ГЕСИОДОВОЙ МЕРОЙ  «ТРУДОВ И ДНЕЙ» 

В наше время культурно-политической нестабильности, когда происходит разрушение прежних государств и межгосударственных союзов, равно и создание новых, когда растёт влияние негосударственных организаций, люди эпохи полицентризма неизбежно задумываются над объединяющими страны и народы идеями. К одной из таких идей и относится легенда о золотом и сменяющих его веках, встречающаяся в поэме «Труды и дни» поэта древней Греции Гесиода (конец VIII или начало VII веков до нашей эры). По этой легенде в счастливые и беспечные времена бога Сатурна, который был царём и правил в Лациуме, куда сбежал низложенный своим сыном Юпитером, обучив людей многим ремёслам, жизнь длилась долго и счастливо, прекращаясь не мучениями и смертью, а сном. В память об этих временах и остался миф о золотом веке, праздники Сатурналии. Закрепились в человеческой памяти и словесные формулы «золотой век», «серебряный век», «медный век», о сменяющих друг друга всё менее счастливых временах. В этих формулах и можно обрести знаковые формы перехода от культуры к культуре, объединения разных культур. Ведь, если, к примеру, найти подобие таких веков, допустим, «золота» «серебра» в таких разных культурах, как культуры Японии и России, то можно представить некую  единую систему координат для всех культур и народов, померить их единой «гесиодовой мерой».  

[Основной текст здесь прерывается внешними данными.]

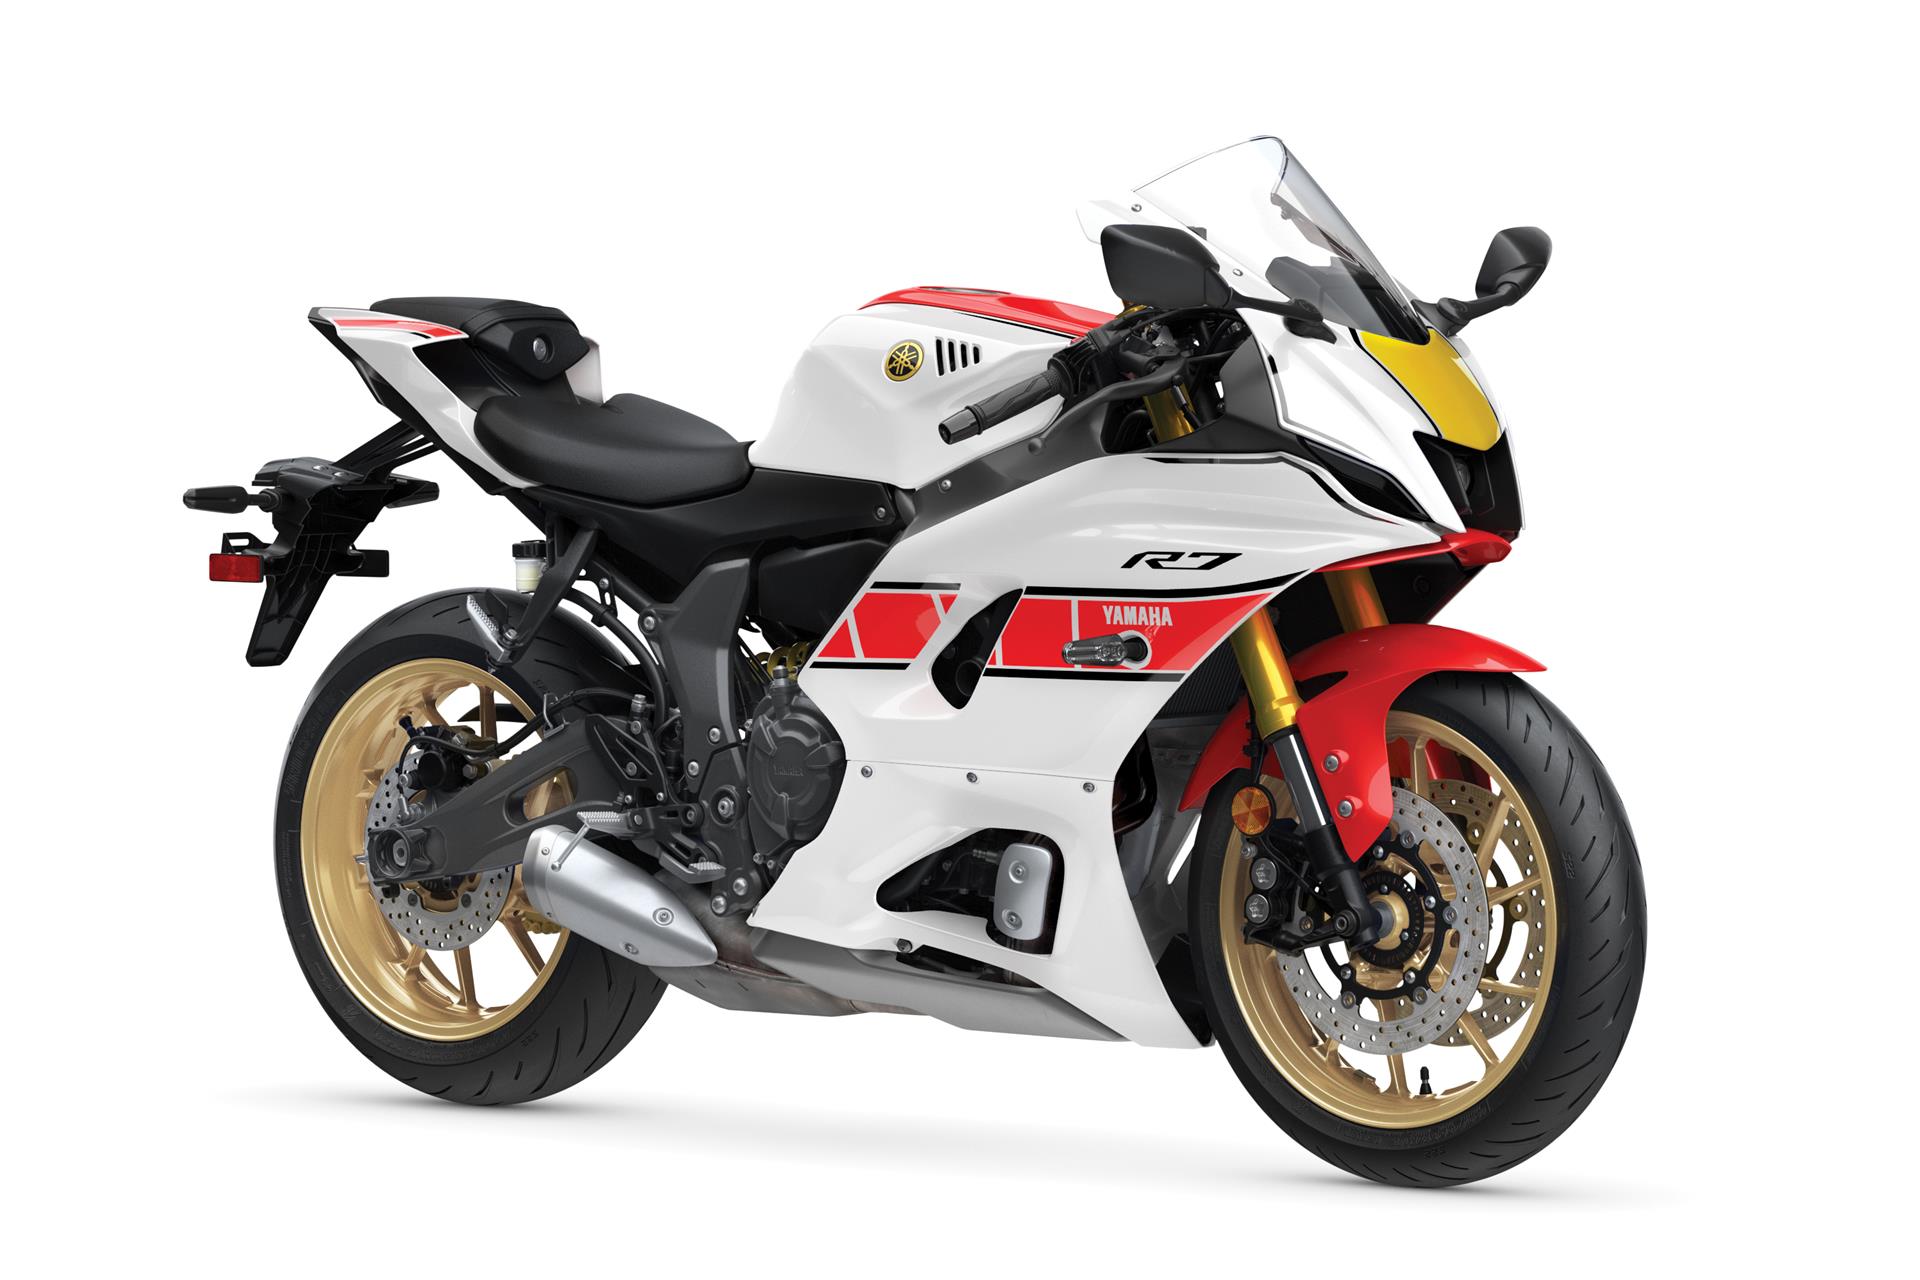 2022 Yamaha R7 World GP 60th Anniversary Edition in Heritage Red and White Studio Glamour Shot

Согласитесь, идея привлекательная. Золото, серебро, медь, железо обретут, действительно, смысл формул почти магических для исторических экспериментов, теорий и практик с самыми невероятными ходами и переходами, но мы этим, что естественно для филолога-журналиста заниматься не будем. Подумаем над смыслом словесных формул гесиодовой меры истории применительно к японской и русской поэзии девятнадцатого – двадцатого веков. Что есть века серебра для поэзии стран и народов ищущего бури лермонтовского паруса и полонённого вьюнком героя Мацуо Басё

Оба автора из золотых веков своих национальных поэзий. Оба – неотъемлемая часть своих национальных традиций. И герои этих двух поэтов солидарны в предпочтении покоя. Вопрос созерцателя у М.Ю.Лермонтова риторичен и прямо выражает сомнение в целесообразности поисков покоя в бурях. Герой Мацуо Басё послушен обвивающему его вьюнку и отдаётся чувству покоя. Чувства обоих скорее из разряда состояний предпочтения неги сновидений, чем состояний весёлой бодрости. Здесь нельзя не вспомнить великого китайского актёра Мэй Лан Фана, который, который коллекционировал и выращивал, разводил вьюнки. А вот у писательницы постоянно бурлящей революциями Франции уже в двадцатом веке появляется жанрообразующее словечко «тропизм» для обозначения растительной жизненной механики тропического мира и уподобляемой этой механике социальных явлений. Ясно, что и сама механика жизни и роста обитателей печальных тропиков, и уподобляемые ей социальные и психологические явления Натали Саррот не приветствует. Разные времена. Разные культуры. Такие непохожие писатели. И понятным смена золотых веков серебряными. Традиции развивают  гипнабельность и погружают в сон, а потому ведут к гибели.  И это во многом объясняет появление стиля модерн, самого модернизма как феномена серебряного века. Серебро, сменяющее собою золото, порождено идеей надвигающейся катастрофы, заставляет, что называется, встряхнуться, развеять чары, мобилизовать усилия. В России эта эсхатология находит прямое выражение в архитектуре. Нельзя не найти созвучные этому явления и в Японии.  И здесь для нашего культурологического взгляда фраза уличного прохожего из поэмы Александра Блока «Двенадцать» и целый роман, к примеру, «Гибель Японии» Саке Комацу – явления одного порядка. Кто изучал в школе Блока без труда вспомнят писателя-витию, сетующего, что «Погибла Россия».  О катастрофическом сознании атакуемых цунами японцев, живущих на вулканах, напомнит название романа Саке Комацу «Гибель Японии». 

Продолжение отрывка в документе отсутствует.